Commercially available chambers (Lab-Tek chambers, Nunc, Rochester, New York, or MatTek dishes, MatTek Corporation, Ashland, Massachusetts) can also be used. These have a glass coverslip for a base with individual plastic chambers adhered to the coverslip. Alternatively, a microslide-containing chamber with a plastic bottom of high optical quality can be used for high-resolution microscopy (Integrated BioDiagnostics [ibidi], Munich, Germany). These chambers permit drugs or other compounds to be added during the experiments. These chambers, however, are moderately expensive and can only be used on inverted microscopes. To prevent evaporation and alkalinization of the media, the top cover of the chamber can be sealed onto the chamber using petroleum jelly or silicon grease. Alternatively, the media-filled well can be overlaid with mineral oil.

Cells grown in suspension will adhere to coverslips or Lab-Tek chambers that have been precoated for 15 min with concentrated poly-d-lysine (5–10 mg/mL in phosphate-buffered saline [PBS]). After coating, the coverslip or chamber is washed twice in PBS. The coating lasts for up to 1 wk. Suspension cells must be washed three times in PBS before allowing them to adhere to the poly-d-lysine-coated surface. Incubate cells on the surface for 2–5 min, and wash away nonadherent cells with PBS (wash twice without incubation). Finally, immerse cells in imaging buffer.

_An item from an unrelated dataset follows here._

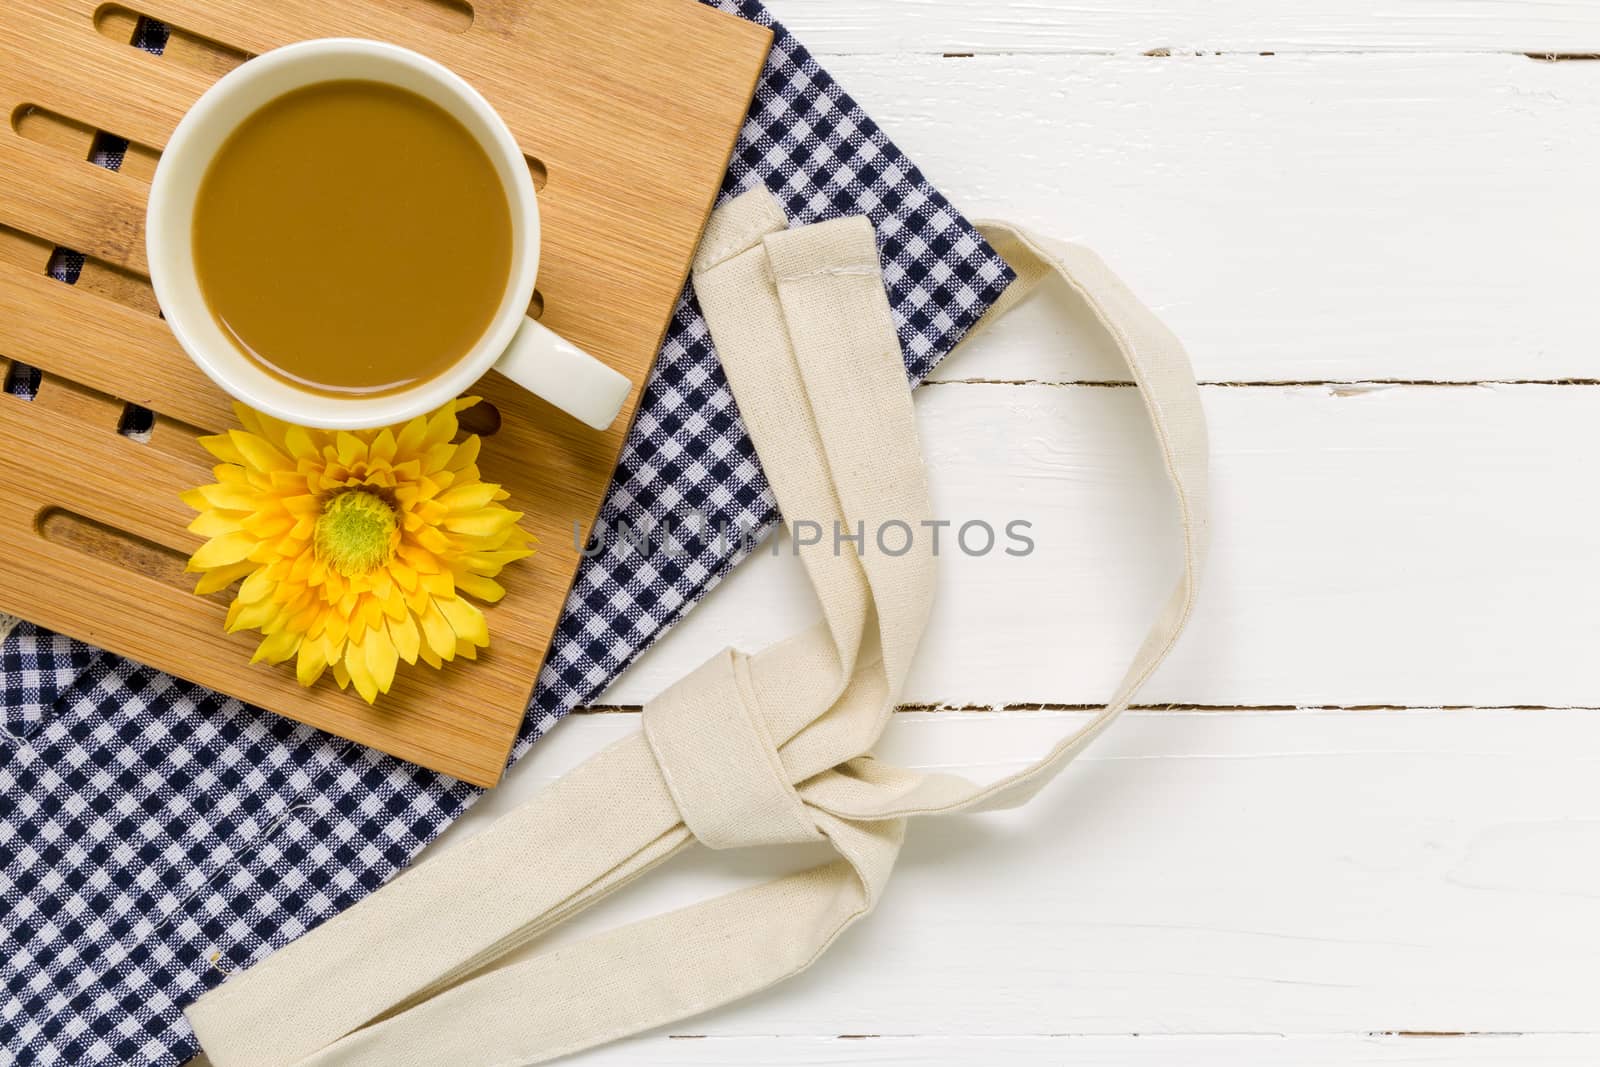 Coffee Cup Relaxing Background / Coffee Cup Relaxing / Coffee Cu by supparsorn
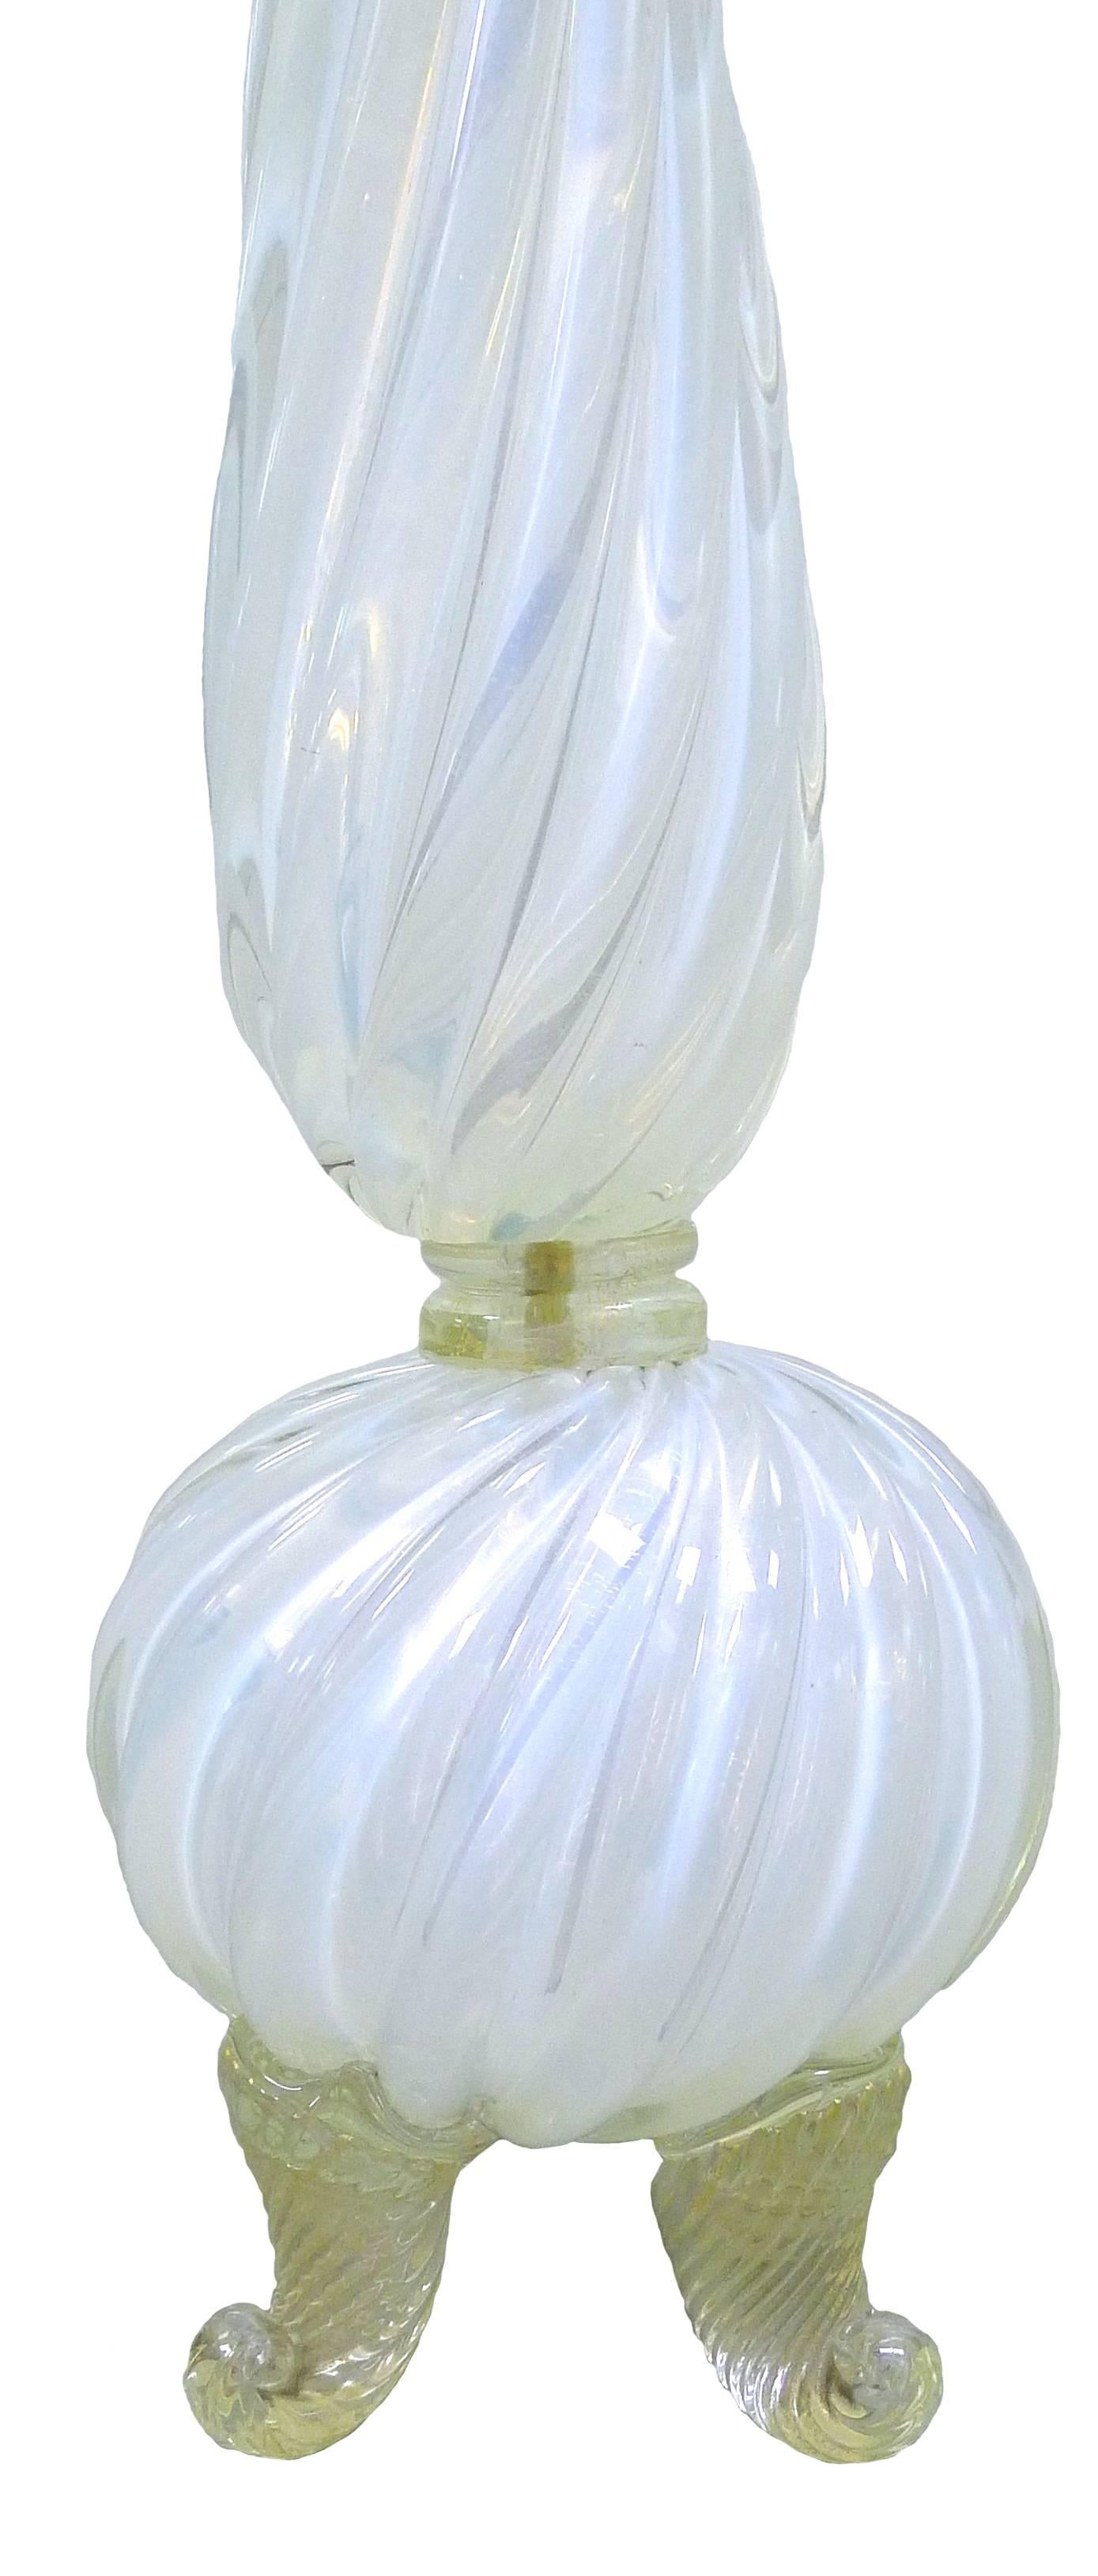 Hollywood Regency Pair of Mid-Century Opalescent Murano Glass Lamps

CONSTRUCTING AND EXPRESSING ORGANELLE-TARGETED GFP-FUSION PROTEINS

In live cell studies (i.e., during time-lapse imaging or serial sectioning to reconstruct three-dimensional images) of membrane-bound organelles and their trafficking pathways, multiple images of the same cell will be collected. Therefore, the brightest, most stable GFP variants available should be used in constructing a fusion protein. The enhanced green fluorescent protein (EGFP) variants Venus, Cerulean, and mCherry fit this criterion (Shaner et al. 2007).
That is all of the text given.